Pierre Mondy (born Pierre Cuq; 10 February 1925 – 15 September 2012) was a French film and theatre actor and director.

Personal life
He was married four times: to Claude Gensac, Pascale Roberts, Annie Fournier, and Catherine Allary, all actresses. He died on 15 September 2012, aged 87, from lymphoma.

Career
Mondy's first on-screen appearance was in 1949 in Jacques Becker's Rendez-vous de juillet and he appeared in over 140 films over the course of his career.
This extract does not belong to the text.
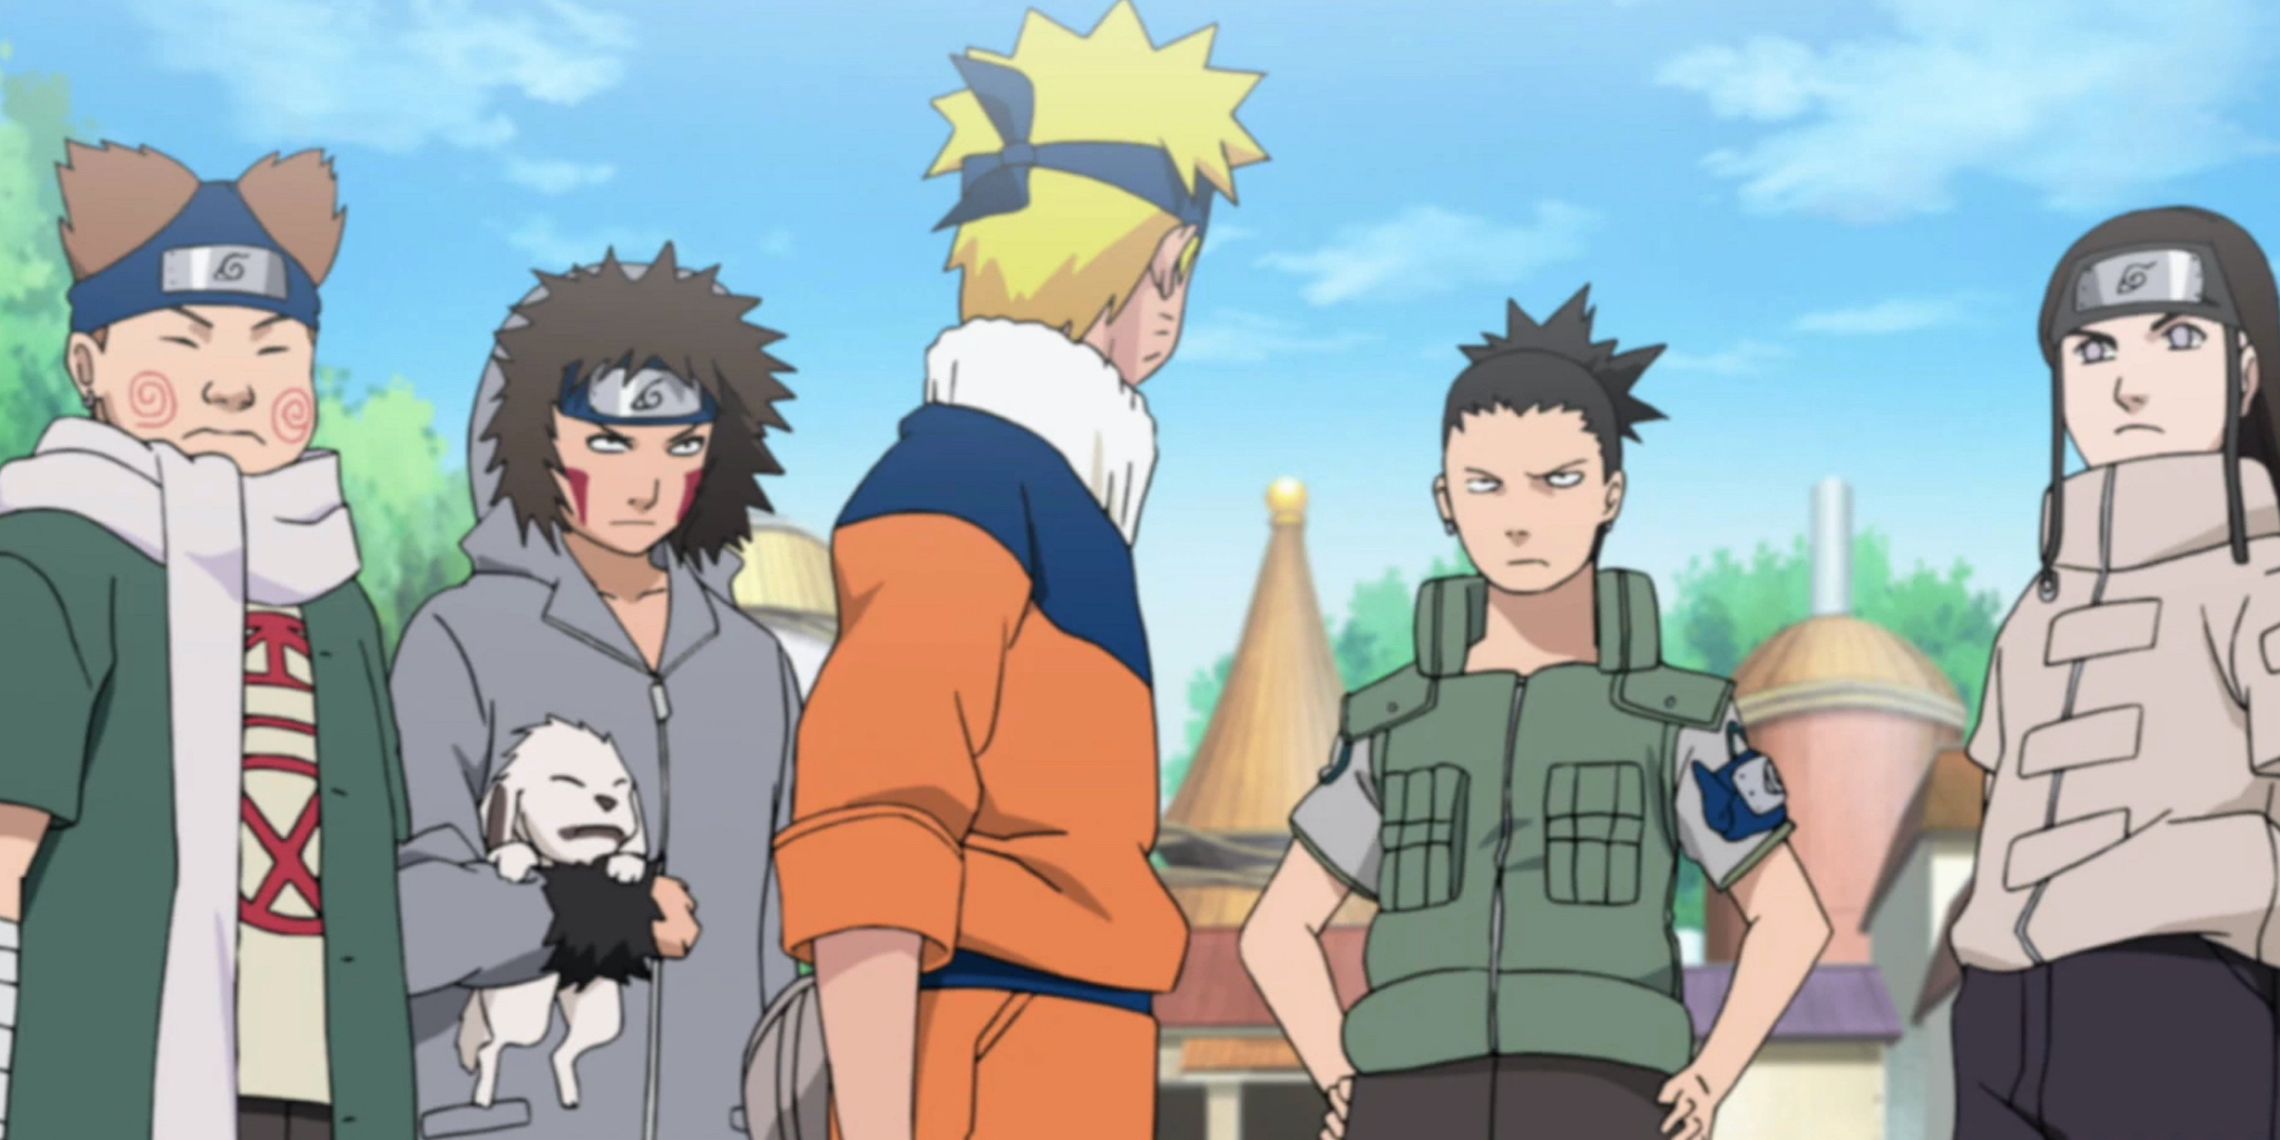 Naruto looks back at the rest of the Sasuke Recovery Team, Choji, Kiba, Shikamaru, and Neji, in Naruto

In 1960, he received international recognition for the role of Napoléon Bonaparte in the film Austerlitz directed by Abel Gance. In the 1970s, his most successful film  was the comedy Mais où est donc passée la septième compagnie?. From 1992 until 2005, he appeared in the French television series Les Cordier, juge et flic.

As a voice actor, he voiced Caius Obtus in Asterix et la Surprise de Cesar (Asterix vs. Caesar; 1985) and Cetinlapsus in Asterix Chez Le Bretons (Asterix in Britain; 1986).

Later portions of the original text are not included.